Das Maß der guten Küche
Ein gelungener Zwiebelrostbraten ist das Maß einer guten Hausmannskost

Die Gastro hat sich in den letzten Jahre in eine andere Richtung bewegt. Die
gute Hausmannsküche ist leider in den Hintergund gerückt. Einige Gastronome überbieten sich mit der Schicki micki Küche. Überhöhter Preis und wenig im Teller = Wertschöpfung. Ich favorisiere die Hausmannsküche und nicht den neuen Trend der sich ausgedehnt hat. Abgehangene Rostbra-
tenscheiben werden platiert (mit der Faust, Platierklopfer) oder mit dem
Fleischhammer behutsam geklopft, den Rand ein bar mal einschneiden, eine Seite bemehlen und überschüssiges Mehl abschütteln, Salzen. In einer Stahlpfanne wird etwas Öl erhitzt (nicht mit höchster Stufe sonst verbrennt das Fleisch und bleibt innen roh) und jetzt wird das Fleisch mit der bemehlten Seite eingelegt. Nach  kurzer Zeit klebt das Fleisch nicht mehr am Pfannenboden und man schaut nach ob die Unterseite Farbe angenommen hat - der Vorgang hat keine Eile. Das Fleisch wird mit einem Löffel oder Fleischgabel hochgestellt damit rund herum der Rand angebraten wird. Die unbemehlte Seite wird mit gedrosselter Temperatur kurz angebraten. Das Fleisch wird aus der Pfanne genommen und in einer Alu-Folie warm gehalten. Überschüssiges Fett, Öl abgiessen und jetzt wird mit reichlich Butter ligiert
(gebunden) und zusätzlich mit heißer Rindsuppe (Suppenwürfel) oder Rotwein aufgegossen - es wird das Safterl hergestellt. Die Herdtemperatur wird voll aufgedreht - Butter und Flüssigkeit werden aufgekocht bzw. einreduziert bis der verbliebene Saft konsistent (dickflüssig) wird. Die Temperatur wird abgedreht das Fleisch kommt erst in die Pfanne wenn die Hitze nachgelassen hat - es soll ja fertig gedünstet werden und nicht gekocht. Deckel drauf und los geht es für ca. 10-15 Min. Die grob geschnittenen Zwiebelringe bemehlen und in einem kleinem Topf oder Kasserolle reichlich Öl stark erhitzen und mit einer Gabel einige Zwiebeleinzelringe in das heiße Öl geben - es dauert nicht lange sobald das Wasser aus den Zwiebeln verdunstet ist beginnen die Zwiebeln zu bräunen, knusprig zu werden.
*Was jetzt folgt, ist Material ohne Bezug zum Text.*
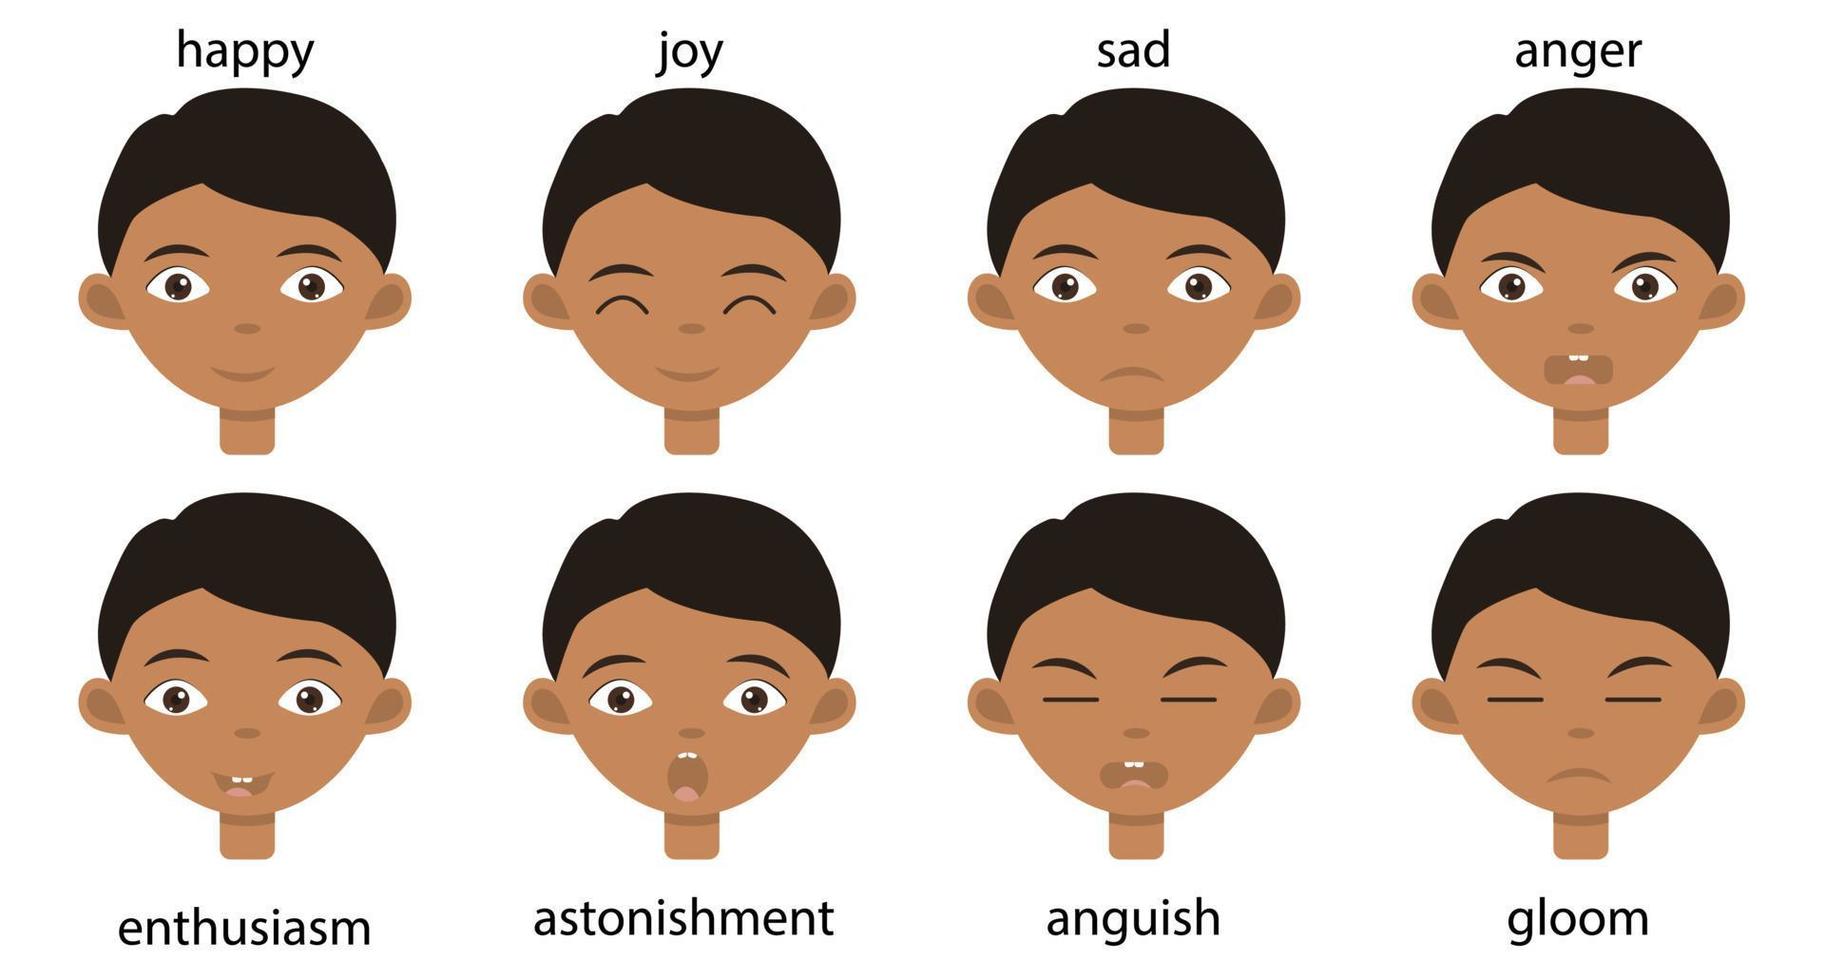 colección de diferentes emociones felices y tristes en la cara de un niño indio para avatar o pegatinas. retrato de niño lindo con ojos marrones. vector

Die fetten Zwiebelringe heraus nehmen und auf auf einem Küchenpapier abtropfen lassen. Der Vorgang wird ein bar mal wiederholt. Der fertige Rostbraten ist gelungen wenn der Fleischkern innen zartrosa  "medium" gegart ist dann ist er saftig. Je nach Geschmack nachwürzen mit Salz und Pfeffer. Der sämige Saft wird auf das Fleisch, auf die knusprigen Zwiebel verteilt. War die Hitze zu stark, die Garzeit zu lang wird das Fleisch durch gegart sein - es ist fest im Biss und trocken. Als Beilage passt ein körnig gekochter leicht gesalzener Reis ( Butterflocken, Zwiebelviertel mit Lorbeerblatt und Nelken macht einen guten Geschmack) dazu gemischter Salat.